Security

Design Principle: Safe by default, powerful by opt-in. Follow the VS Code workspace trust model — confine operations locally, alert on escalation, and let users unlock capabilities when they understand the implications.


Philosophy

AcaClaw targets scientists who are not security experts.

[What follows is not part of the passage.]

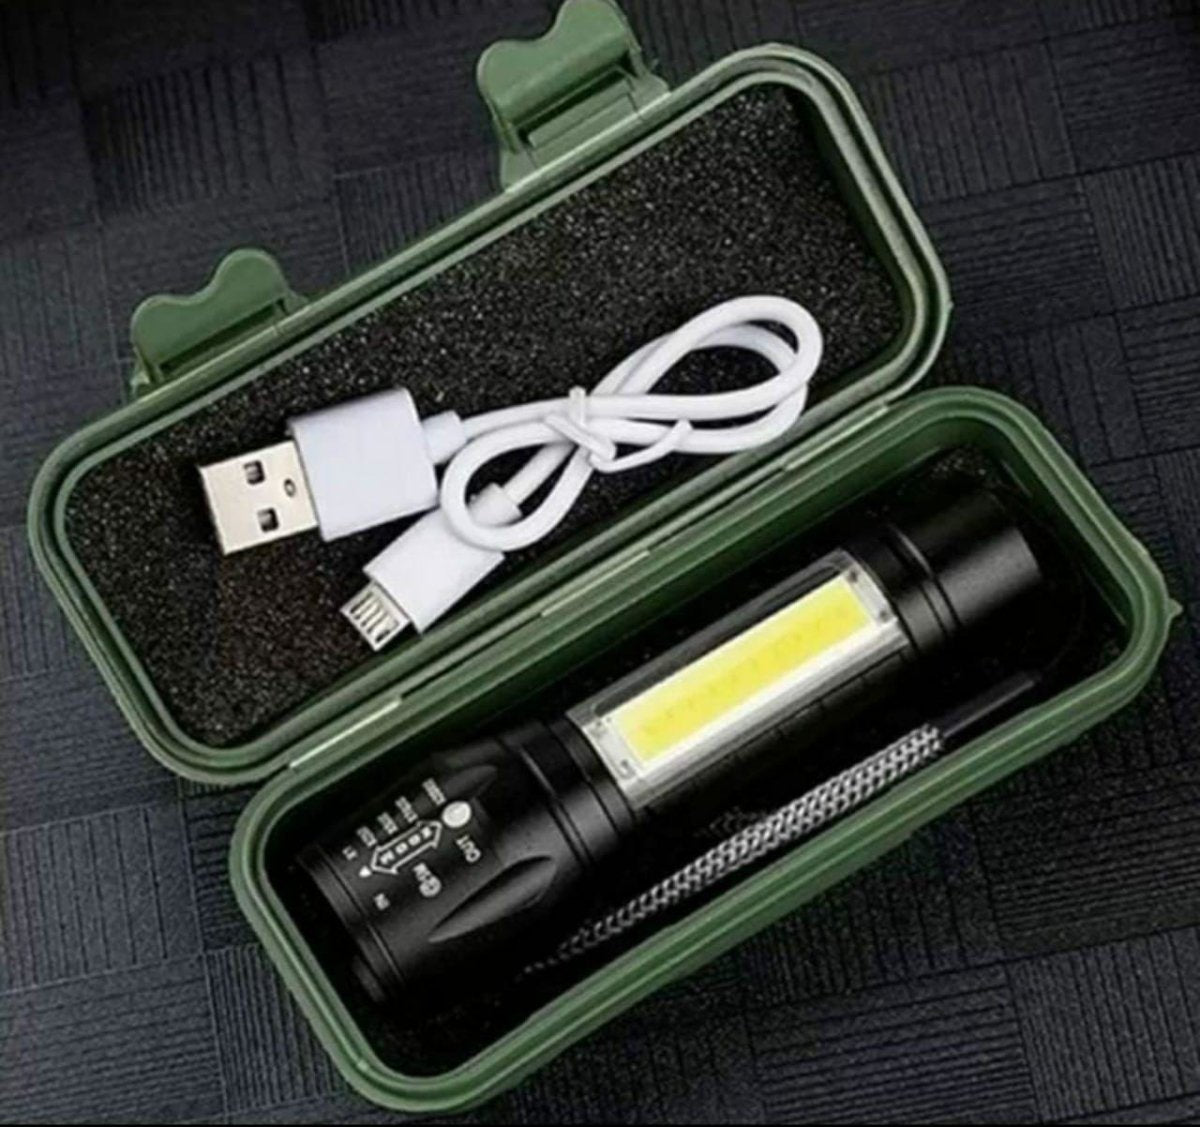 2000LM Waterproof Flashlight Built in Battery USB Charging

The security model must be:

  1. Invisible when safe — Standard local usage should feel seamless
  2. Loud when escalating — Any action that increases the attack surface must produce a visible alert
  3. Opt-in, never opt-out — Dangerous capabilities are disabled by default
  4. Layered, not binary — Security is a stack of independent controls that users can tune
  5. Follow VS Code’s lead — The Workspace Trust model is well-understood and sufficient

Two Dimensions of Safety

Dimension What it protects Examples
Data Safety Files, research data, experimental results Accidental deletion, overwrites, corruption
Information Safety Credentials, API keys, personal info, research IP Credential leaks, data exfiltration, session hijacking

Security Tiers

AcaClaw provides three tiers, progressing from most convenient to most isolated.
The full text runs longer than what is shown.